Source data
[Start of section]

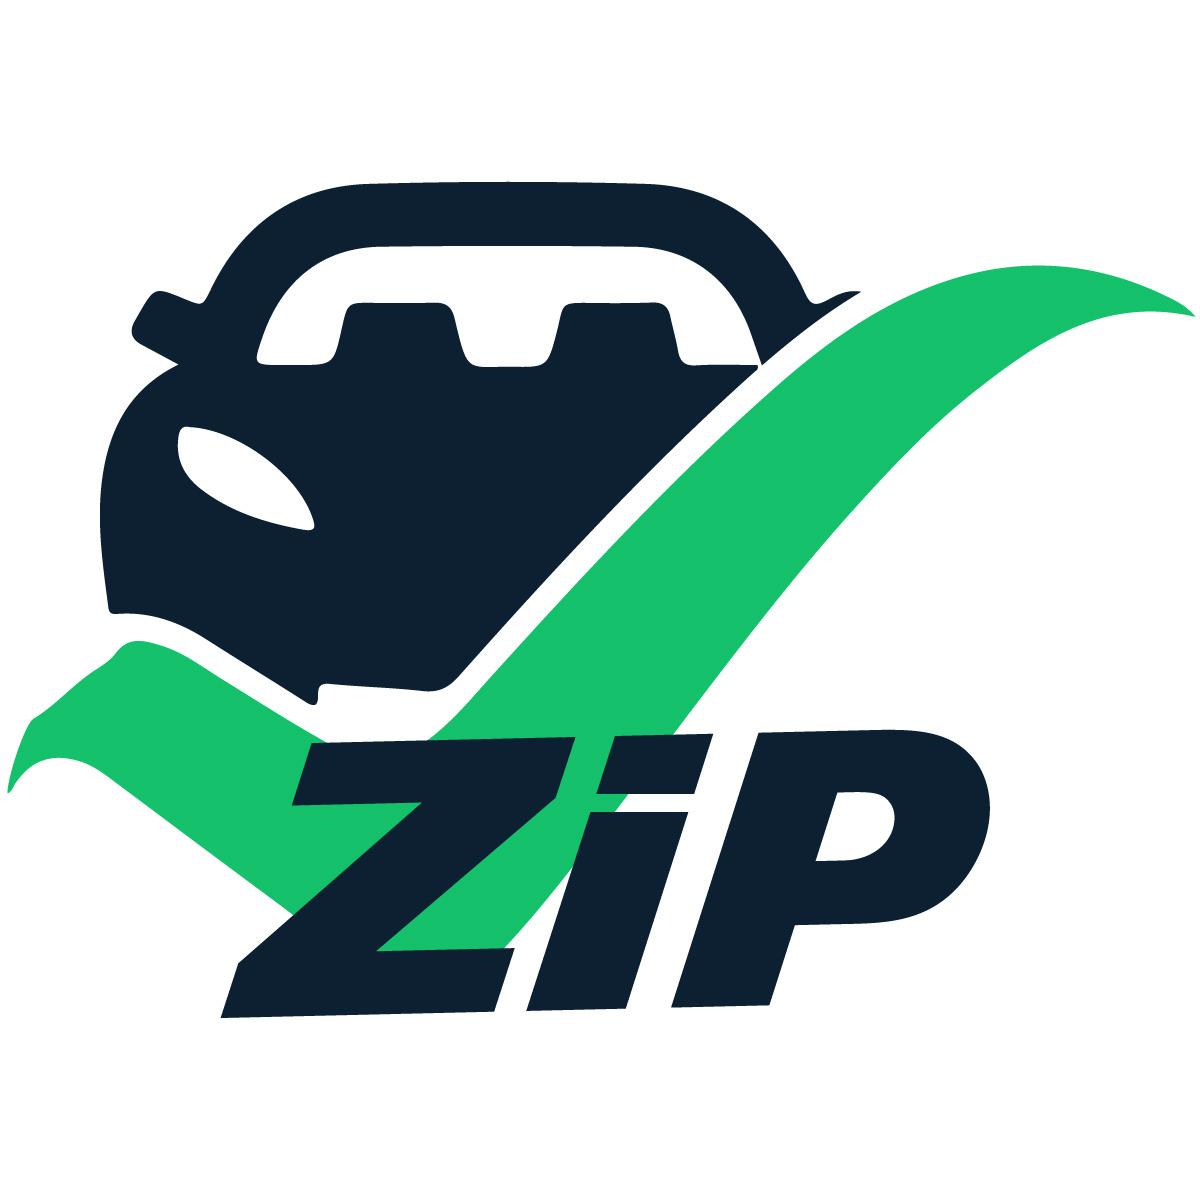 Zip Cash for Cars Removals Maribyrnong
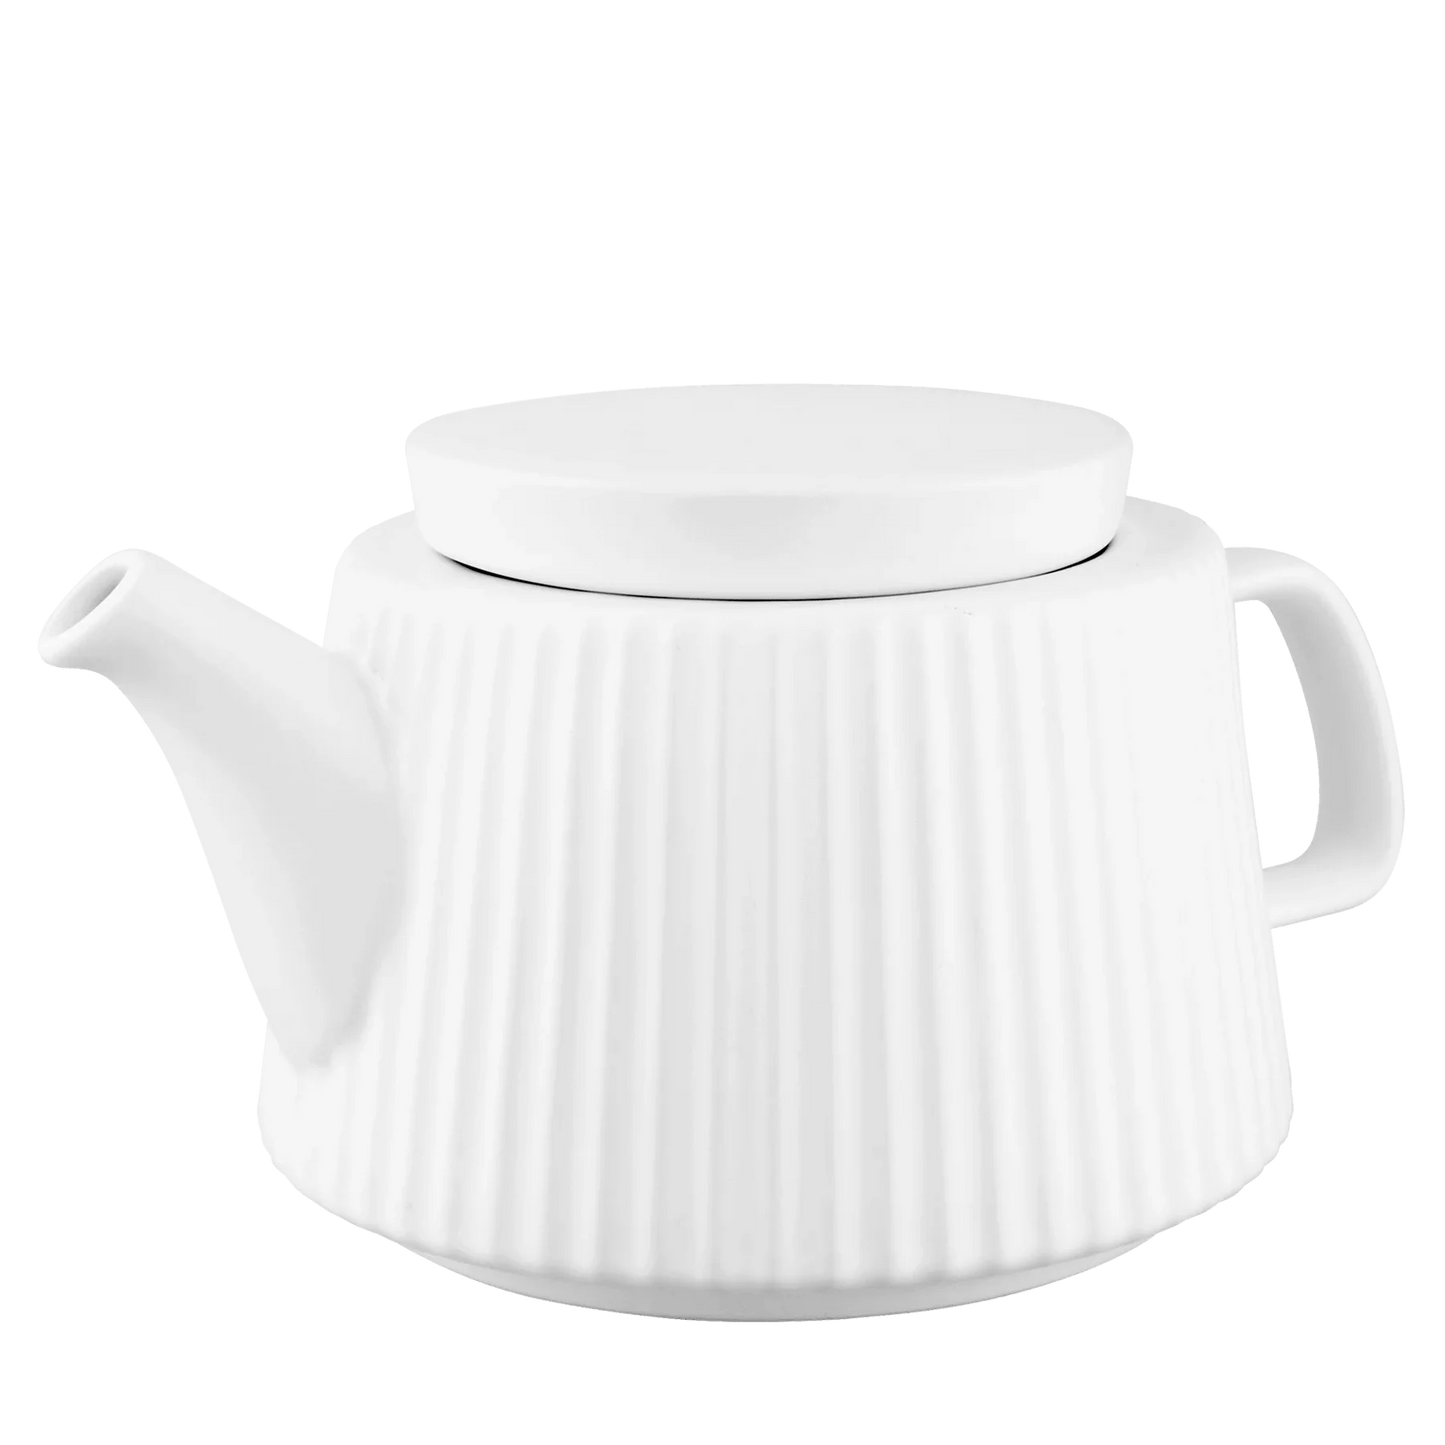 Teapot - Avanti Siena 950mL - Madura Tea
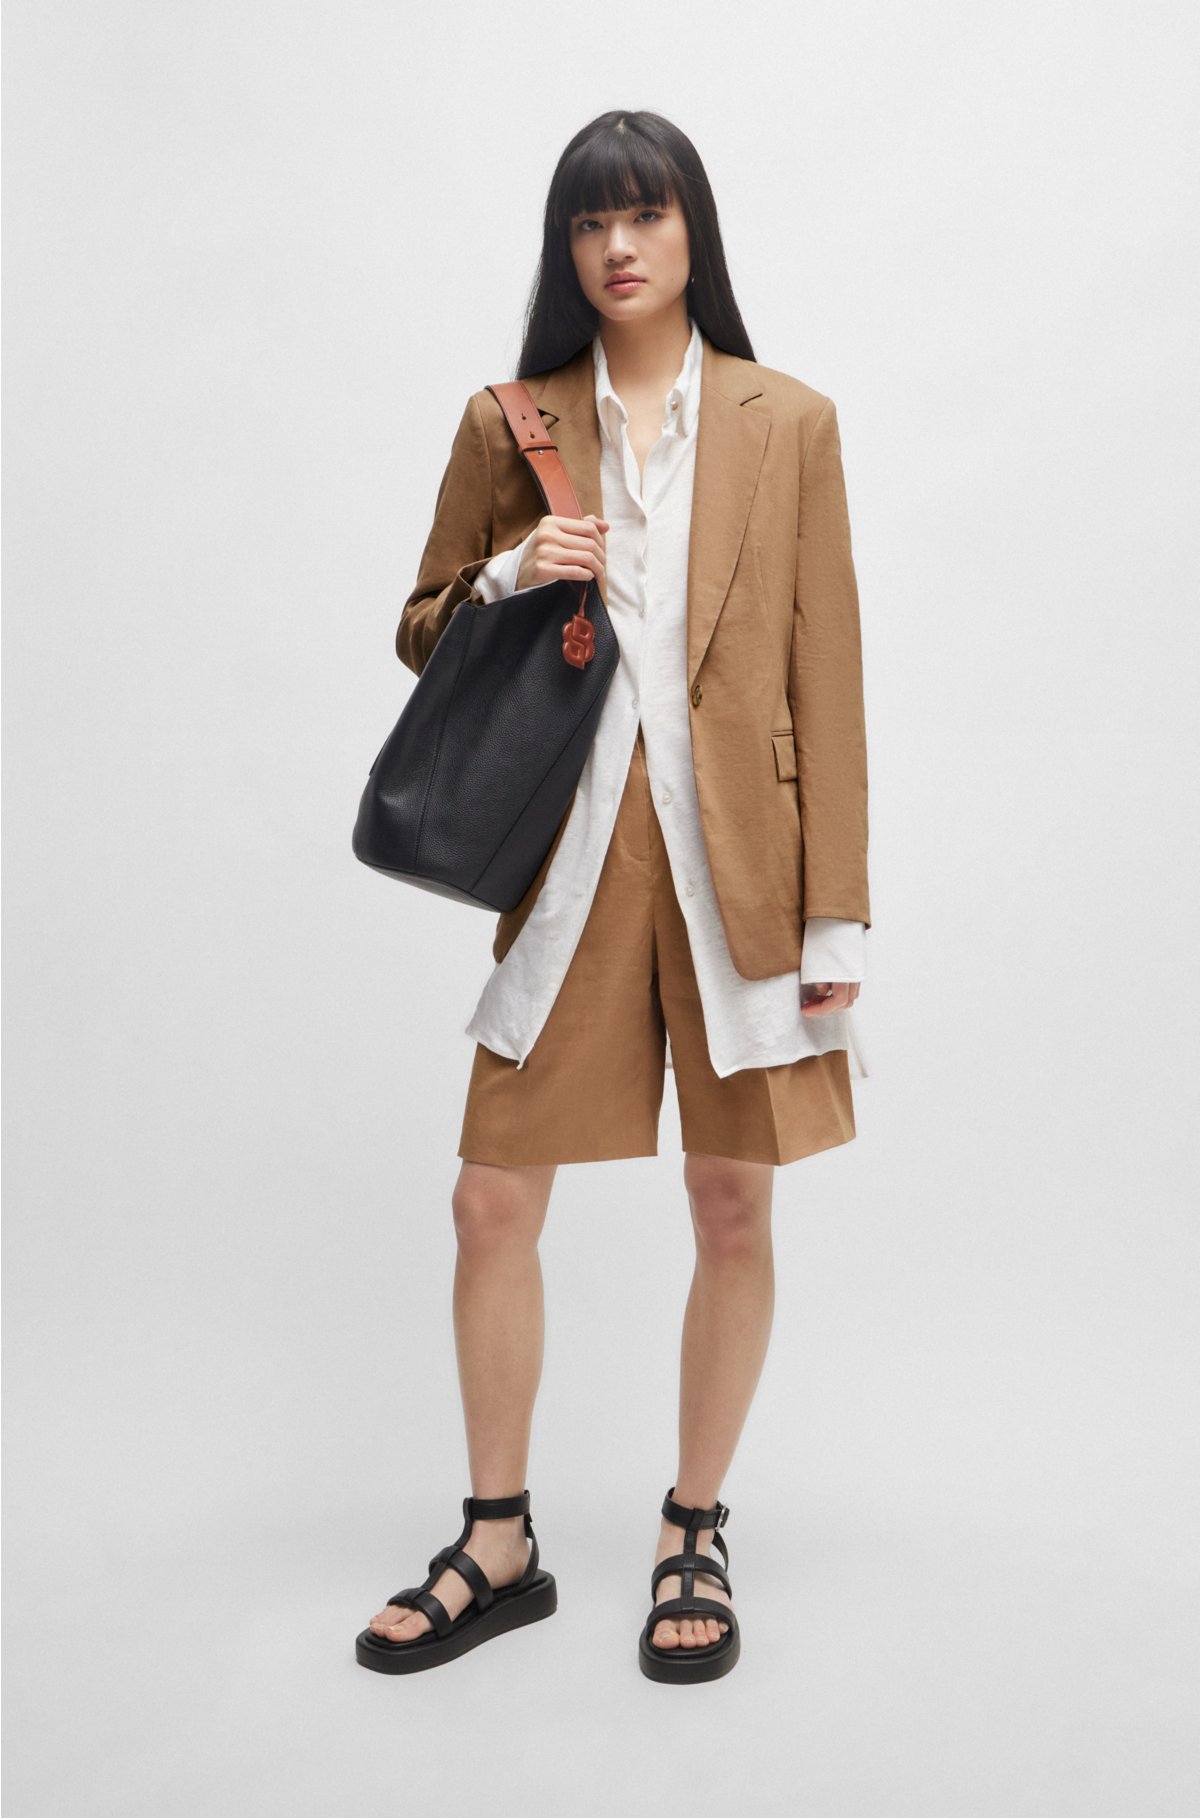 Regular-fit jacket in a linen blend, Beige
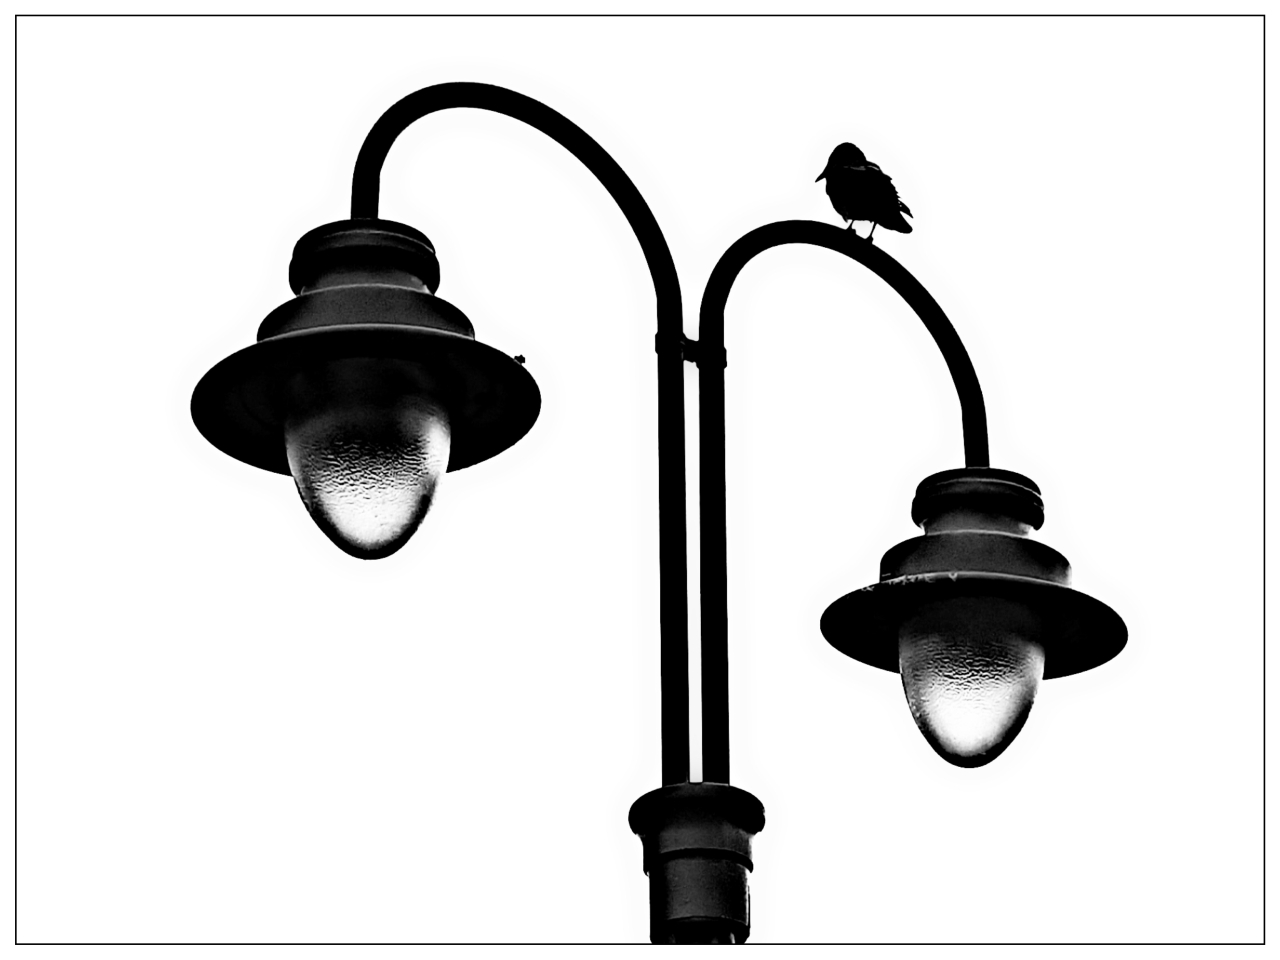 BIRD AND LAMP 3.jpg
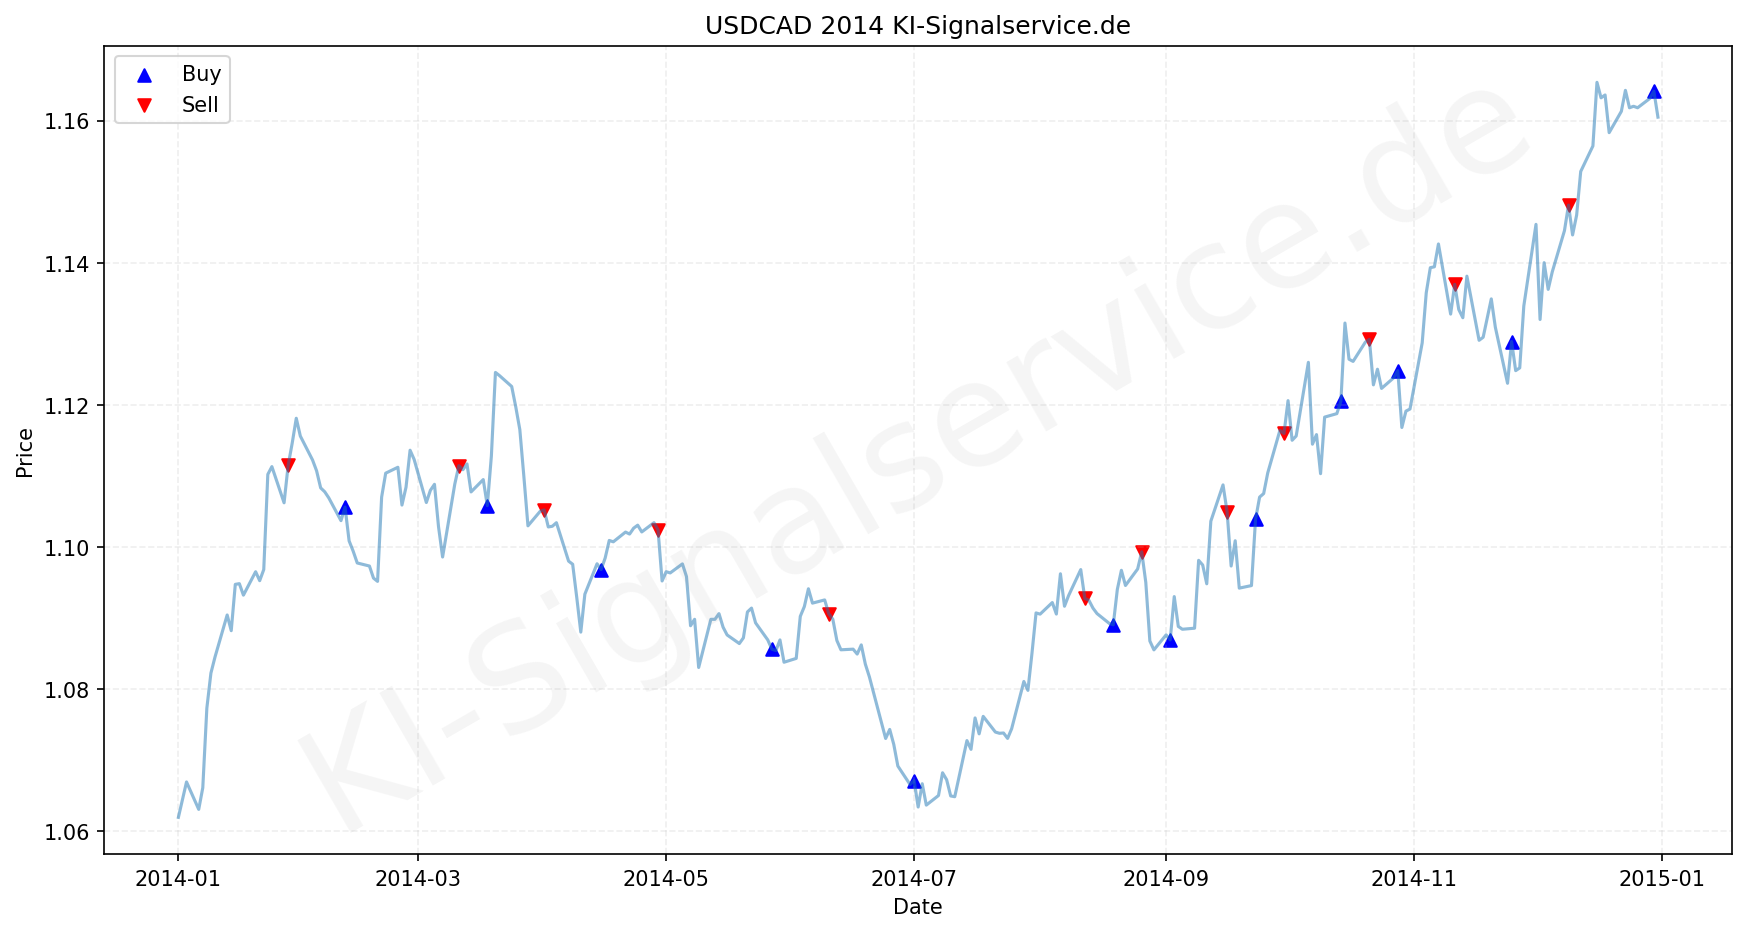 USDCAD Chart - KI Tradingsignale 2014

[End of section]

### What is expected
When the line containing "Regular-fit jacket in a linen blend, Beige" has been located, retype it and each line after it through the end of the records, excluding the pictures and adding nothing else.

### Response area
 Regular-fit jacket in a linen blend, Beige
 BIRD AND LAMP 3.jpg
 USDCAD Chart - KI Tradingsignale 2014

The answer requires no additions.